After you obtain the species delimitation from the GMYC, the first thing you want to do is probably measuring its accuracy or how well it matches with other groupings (most commonly, morphological species).
This is done by the function “comp.delimit” (available in version >= 1.0-19).
One naive method for comparison is counting the number of identical groups.
, where “result” is a gmyc object from the gmyc function, and “sp” is a data frame specifying the delimitation you want compare with the GMYC, for instance,
1 spec1 spec1.5
2 spec1 spec1.4
3 spec1 spec1.3
4 spec1 spec1.2
5 spec1 spec1.1
6 spec18 spec18.3
7 spec18 spec18.2
8 spec18 spec18.1
9 spec18 spec18.5
10 spec18 spec18.4
11 spec29 spec29.4
The first column of the data frame must indicate the species, and the second column must be tip labels of the input tree. The returned value of comp.delimit is the number of groups which have the exact match (ie. identical size and identical members) between 2 delimitation. If you compare the GMYC groups with taxonomic species, this measure shows how many taxonomic species are recovered by the GMYC.
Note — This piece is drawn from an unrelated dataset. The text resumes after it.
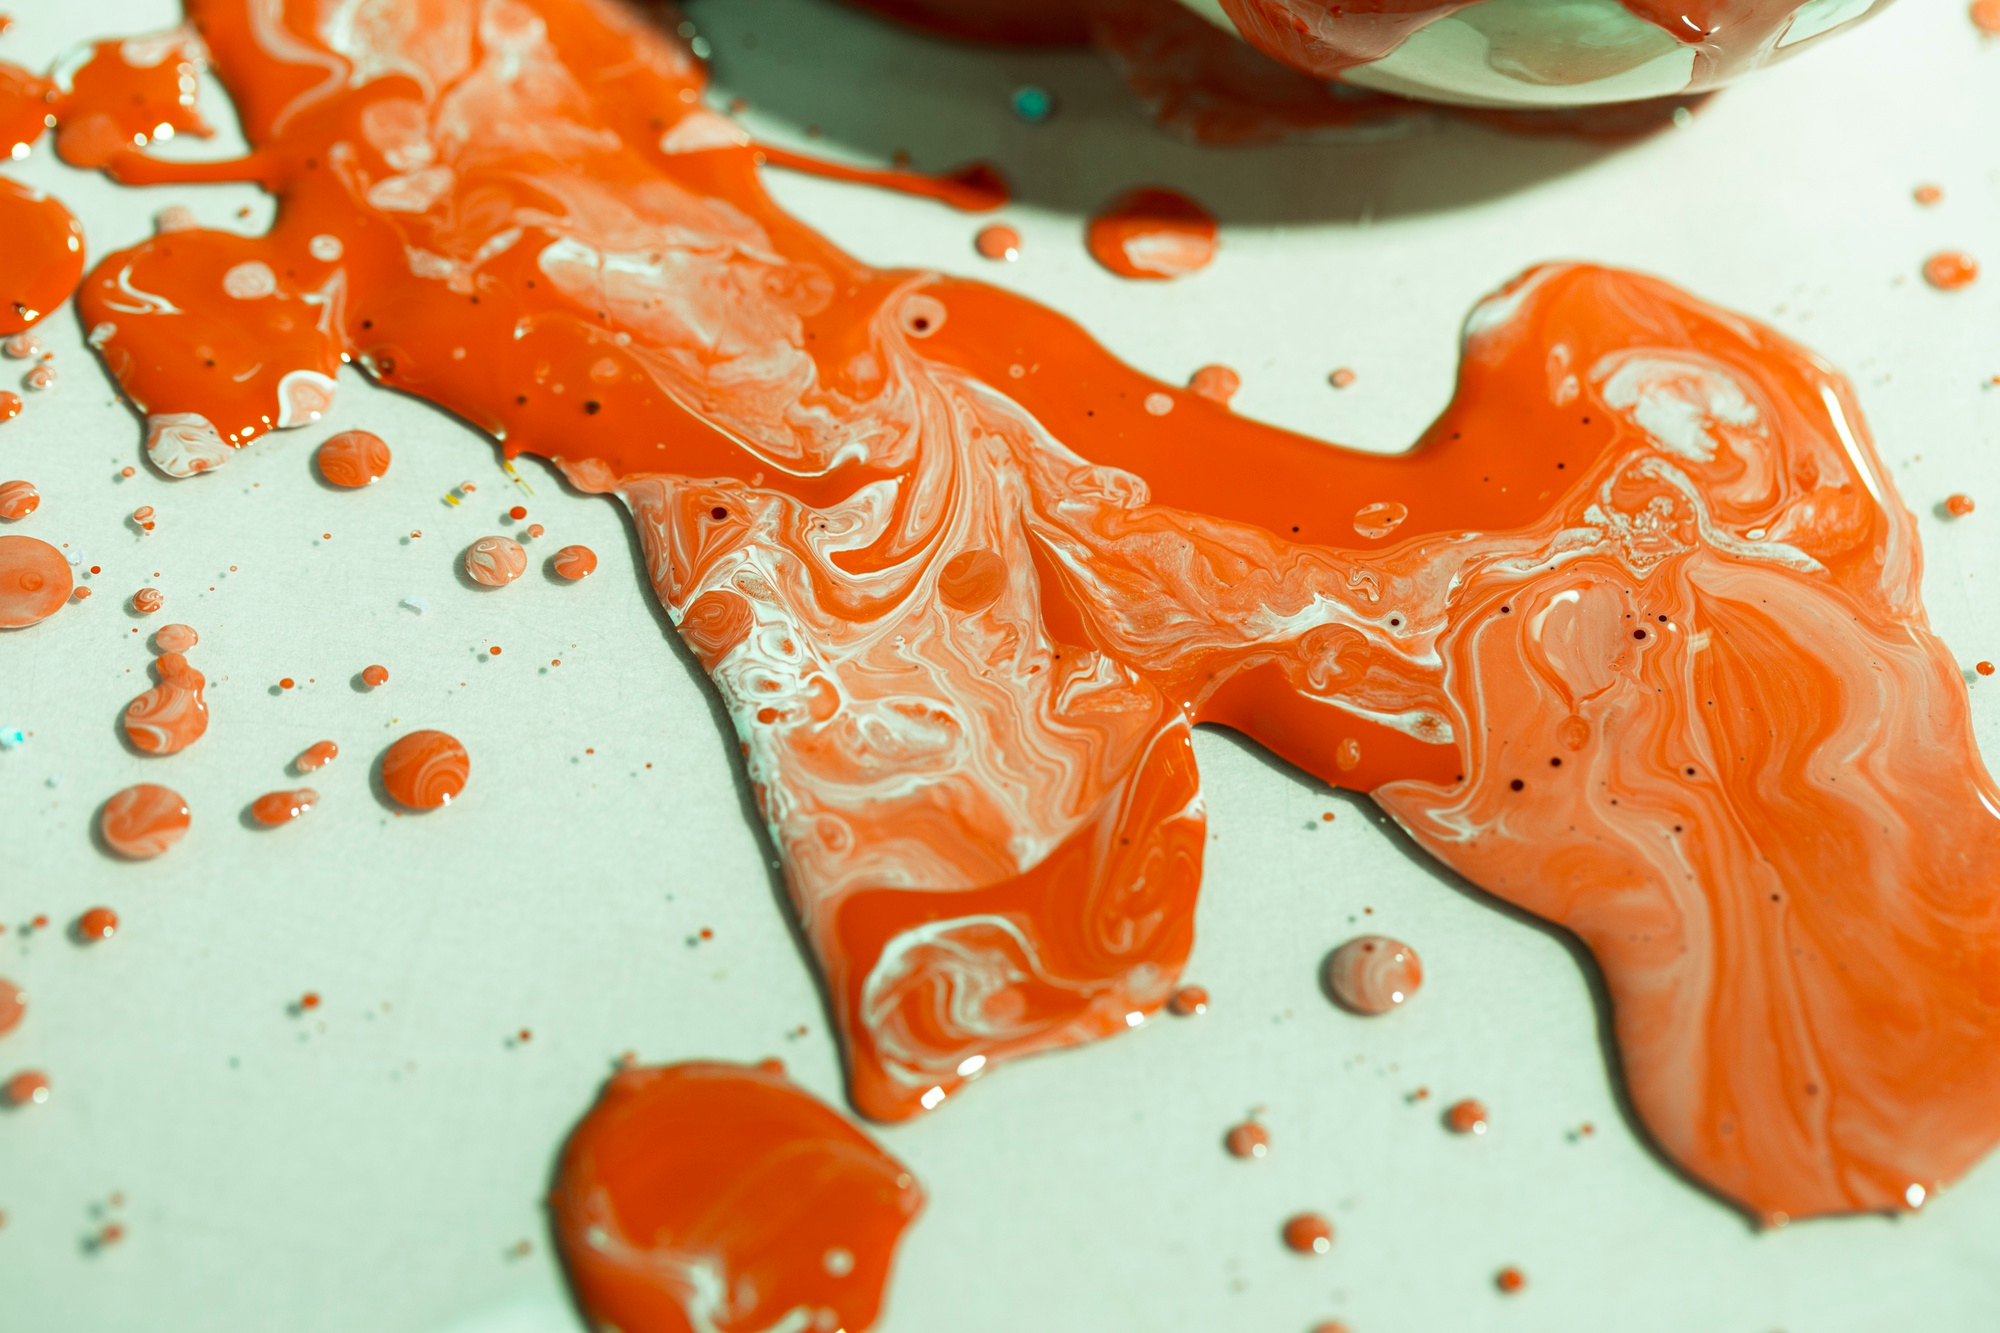 Sauce spilled on a surface | Source: Freepik

One problem of counting matches is that its value depends on the number of species included in your data. Dividing the match by the total number of species is a way to normalize the result. But this is only valid when the total number of species are the same between 2 alternative delimitation. (Dividing by the true number of species is one option when you know it.)
More sophisticated methods to compare two clustering have been developed in the filed of machine learning. The comp.delimit function devises a method called the “normalized mutual information” (NMI). The mutual information is a measure of how much information are shared between 2 groupings.
>comp.delimit(result, morphsp, method=”NMI”)
The number (or proportion) of exact match is a more stringent measure of accuracy. Exact match against the true species rapidly drops when the assumptions of the GMYC (eg. species monophyly ) is violated.
The NMI is not as sensitive as the exact match. The GMYC is a tree-base delimitation. So, even if the threshold time is wrongly placed, similarity between the true and the GMYC species is retained as long as tree reconstruction is correct.